Have you ever saved a replay from [insert your favourite video game here], and wondered exactly what the replay file contains? I don't know how many people will answer "yes" to that question, but I'm one of them. For efficiency and IP-protection reasons, replay files are usually stored in a binary format, so if you open one of them in Notepad, all you'll see are a bunch of garbled characters. It's often a long road from there, to fully understanding and being able to parse one of these files.

One of the features I hope to support in OpenSAGE is being able to use replay files from the original Command & Conquer: Generals and Zero Hour games. Since no official description of Generals' replay file format has been published, I have to do it the hard way, and figure out the file format... but fortunately, I'm not the first to want to do this.

I should note here that replay files vary wildly between games, so what applies to one specific RTS game won't apply directly to other games, but the general principles should be similar, at least across RTS games.

Before we get into the details, let's start with the fun part: creating a replay file in the first place.

Creating a replay file

Let's load C&C Generals, and play a quick skirmish game.

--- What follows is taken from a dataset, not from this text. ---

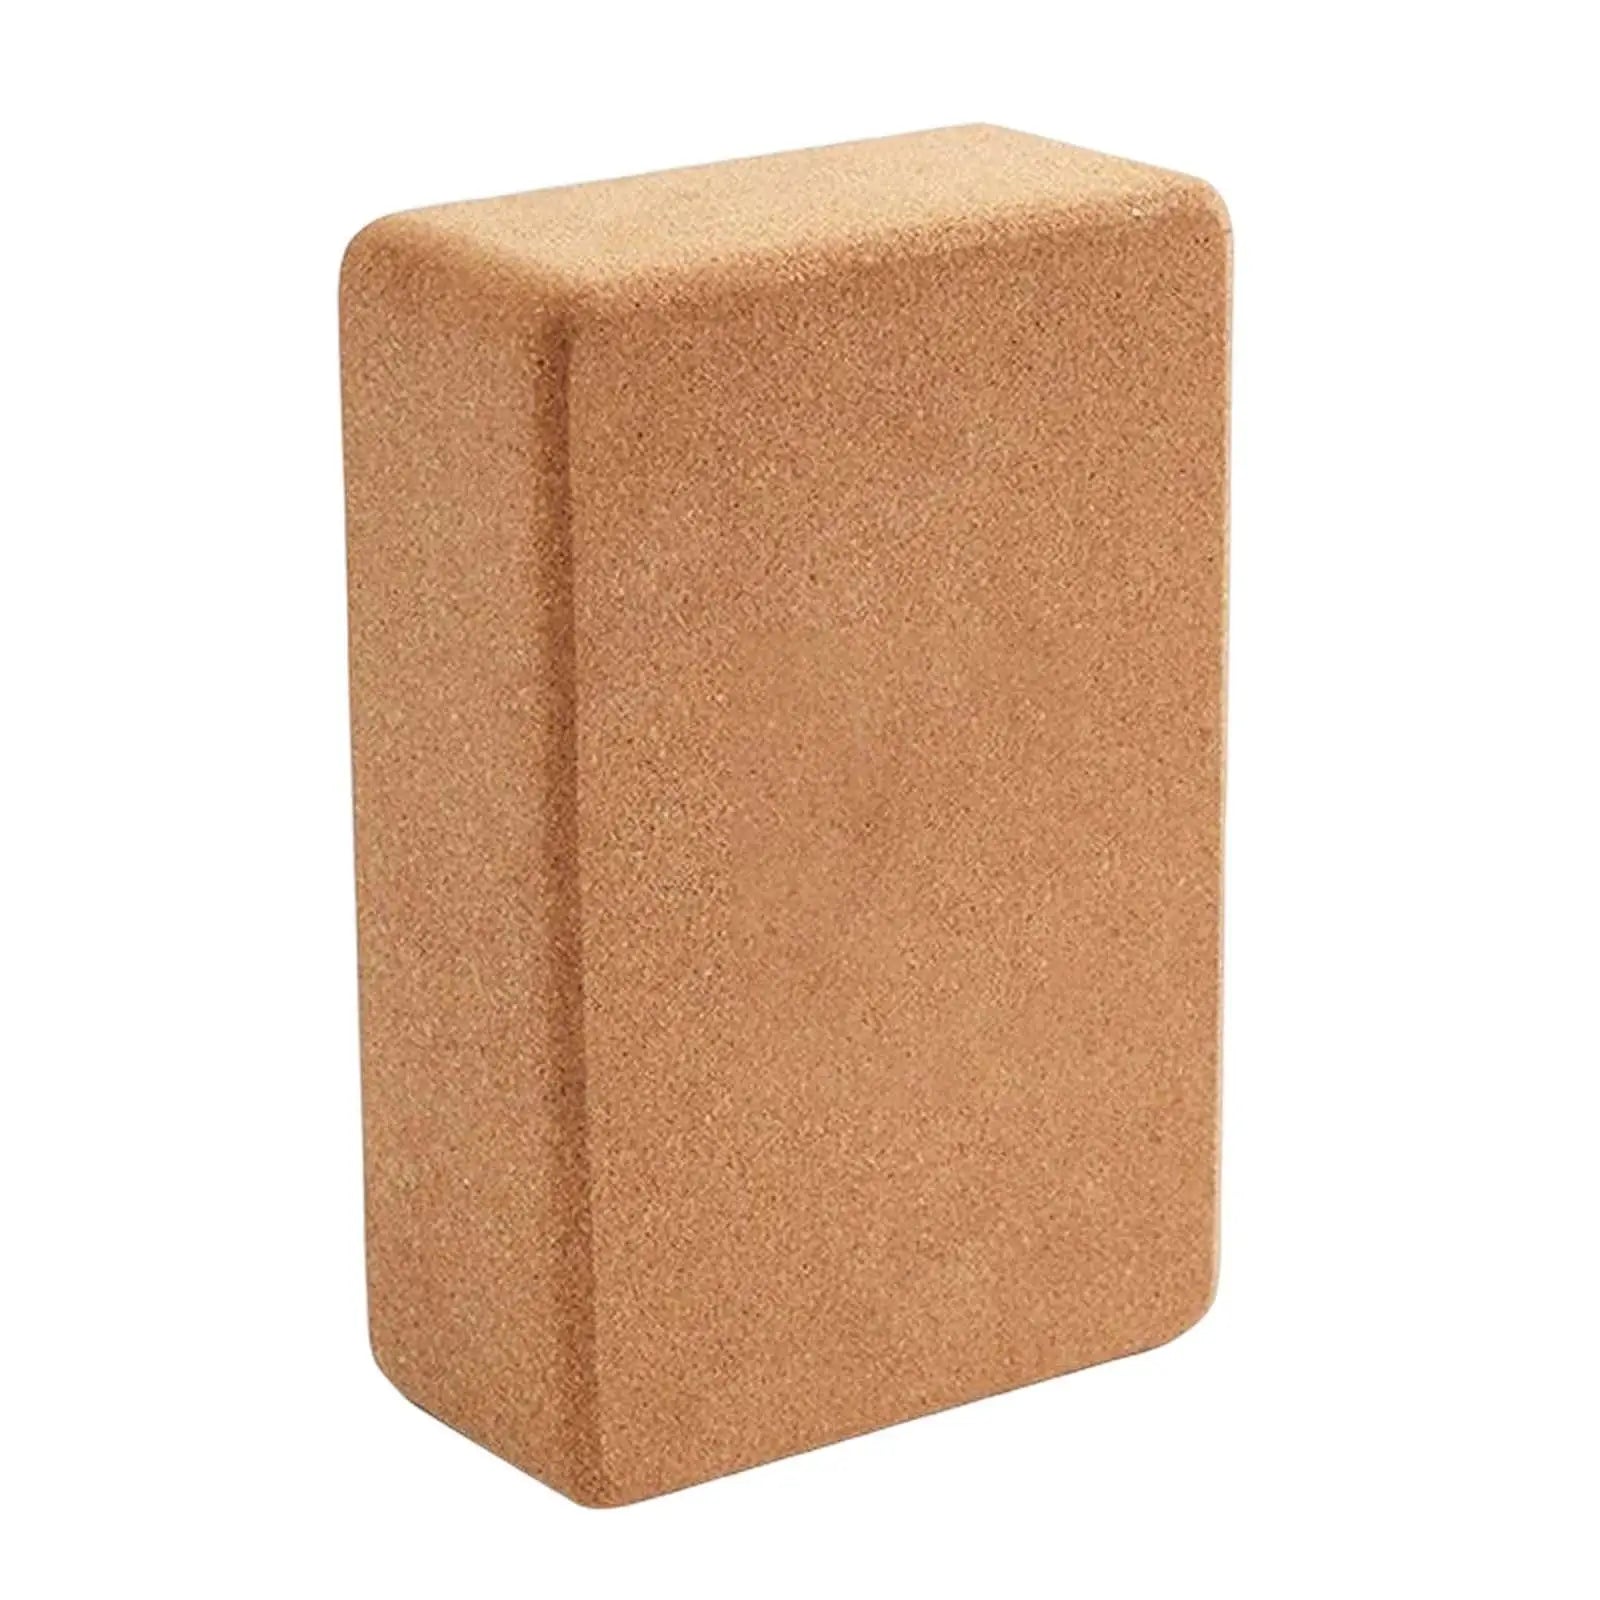 Basic picture of cork block

For the purposes of this blog post, I want to keep the replay file really simple, so all I'll do is start a single-player skirmish game, build one building, and exit. Here's what that looks like:

Here's the replay file that Generals saved for that game:

First look

If we open that replay file in VSCode using the excellent hexdump extension, we'll see this:

Hex view of C&C Generals replay file

You can immediately see some human-readable text there. That's always nice to see, when you're parsing an unknown binary format.

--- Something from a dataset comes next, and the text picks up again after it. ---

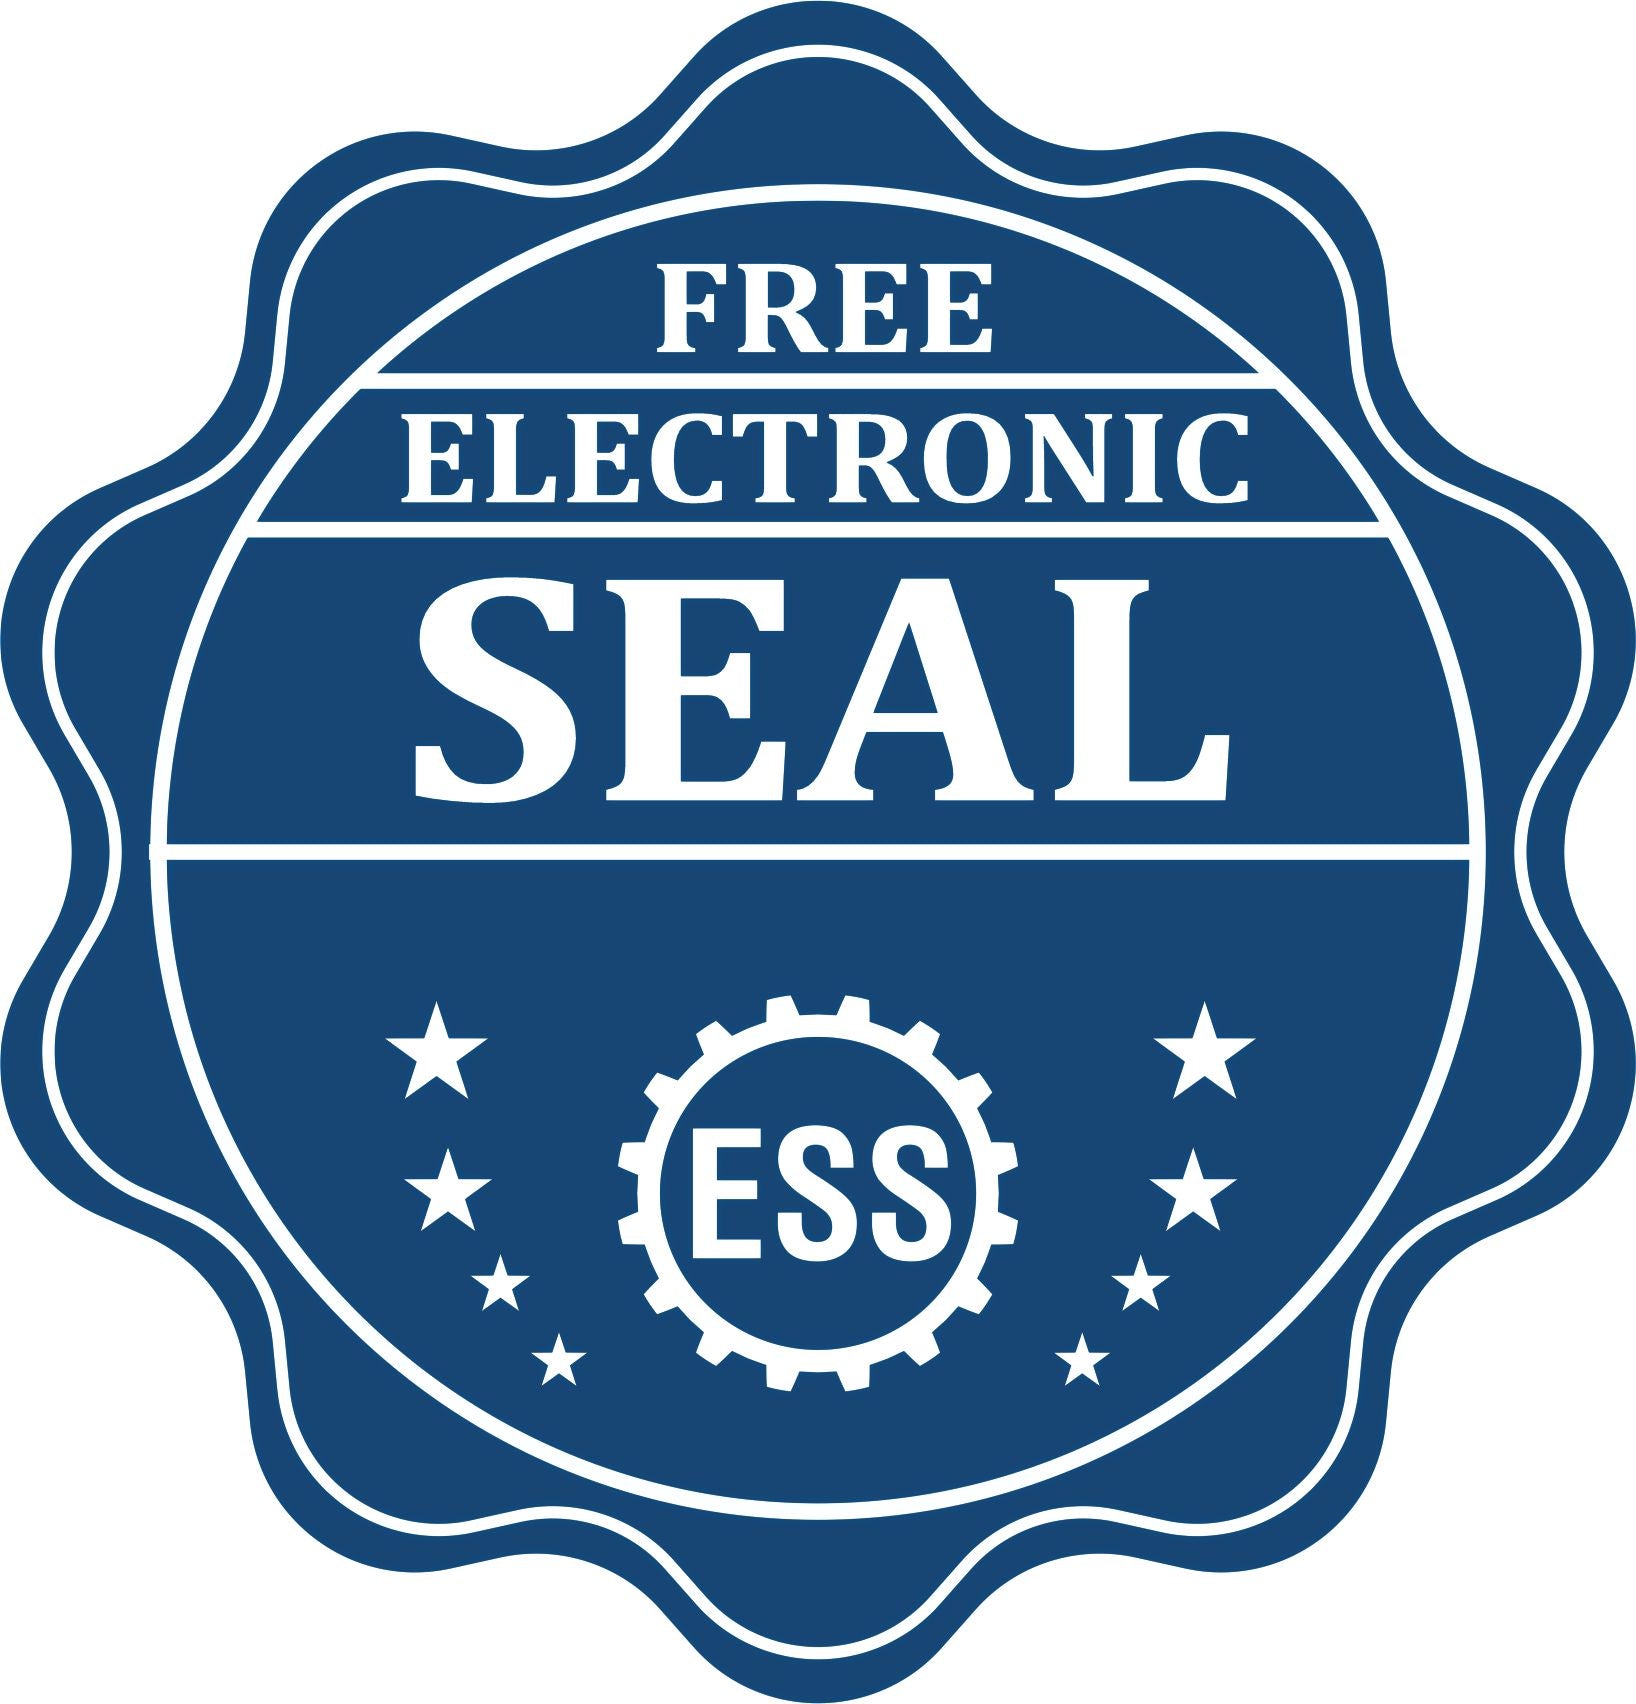 A badge showing a free electronic seal for the Premium MaxLight Pre-Inked Florida Landscape Architectural Stamp with stars and the ESS gear on the emblem.

It was at this point, when I first looked at Generals' replay files, that I wondered whether anybody else had figured out the file format before. So I Googled and found the cnc-replayreaders repo on GitHub, which contains at least some work on parsing replay files for many SAGE games, including, happily, C&C Generals. Without this information, proceeding further would have been much harder. Here's the C++ code for a prototype version of a Generals replay parser. There's even a document with the beginnings of a spec for these replay files. This is great stuff! Many thanks to louisdx, who I believe also goes by the name R Schneider on gamereplays.org. I'll duplicate the Generals part of it here:

Generals, Zero Hour, Battle for Middle Earth, Rise of the Witch King

The replay format of the games Generals, Zero Hour, Battle for Middle Earth, Battle for Middle Earth 2, and its expansion Rise of the Witch King is considerably simpler than that of the later games. Most notably, the chunks do not have length information, so one must know their sizes by other means. Also, there is no footer, just a final chunk.

Header

The size u1 is 12 for Generals and Zero Hour, and 21 in the BfME games; u2 is 8 in CCG/ZH and 13 in the BfME games; u3 is 4 except in BfME2, where it is 6.

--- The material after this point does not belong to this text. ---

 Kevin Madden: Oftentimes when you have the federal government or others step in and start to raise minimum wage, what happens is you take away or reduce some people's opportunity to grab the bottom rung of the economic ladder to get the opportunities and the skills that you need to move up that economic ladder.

char             str_magic[6/8];     // == "GENREP", "BFMEREPL" or "BFME2RPL"
uint32_t         timestamp_begin;
uint32_t         timestamp_end;
byte             unknown1[u1];
tb_str           str_filename;
tb_ch            date_time[8];       // as in TW/KW
tb_str           str_version;
tb_str           str_build_date;
uint16_t         version_minor;
uint16_t         version_major;
byte             magic_hash[u2]
char             header[];           // null-terminated!
uint16_t         unknown2;
uint32_t         unkonwn3[u3];

Remarks. The two timestamps appear to indicate the real-world start and end time of the game. The header is of the same format as the later games.

The replay body

The replay body consists of a sequence of chunks. Each chunk is of the following form:

uint32_t         time_code;
uint32_t         chunk_code;
uint32_t         number;         // Player number?
byte             number_of_commands;
struct { byte cmd, byte nargs } signature[number_of_commands];
byte             arguments[];    // variable!

In the simplest case, number_of_commands is zero and signature and arguments are empty. Otherwise, there are number_of_commands many pairs of bytes {cmd,nargs}, where cmd refers to one of about ten commands and nargs is the number of arguments. The size of an argument depends on the command type. Finally, arguments consists of all the arguments of all the commands, simply one after the other. The meaning of the chunk codes is unknown in general. Only a handful of values seem to occur, all in the range 0x300 - 0x500, and 0x1B, 0x1D. Many codes only ever seem to appear with a fixed, specific signature of commands. These are the known commands and their argument sizes.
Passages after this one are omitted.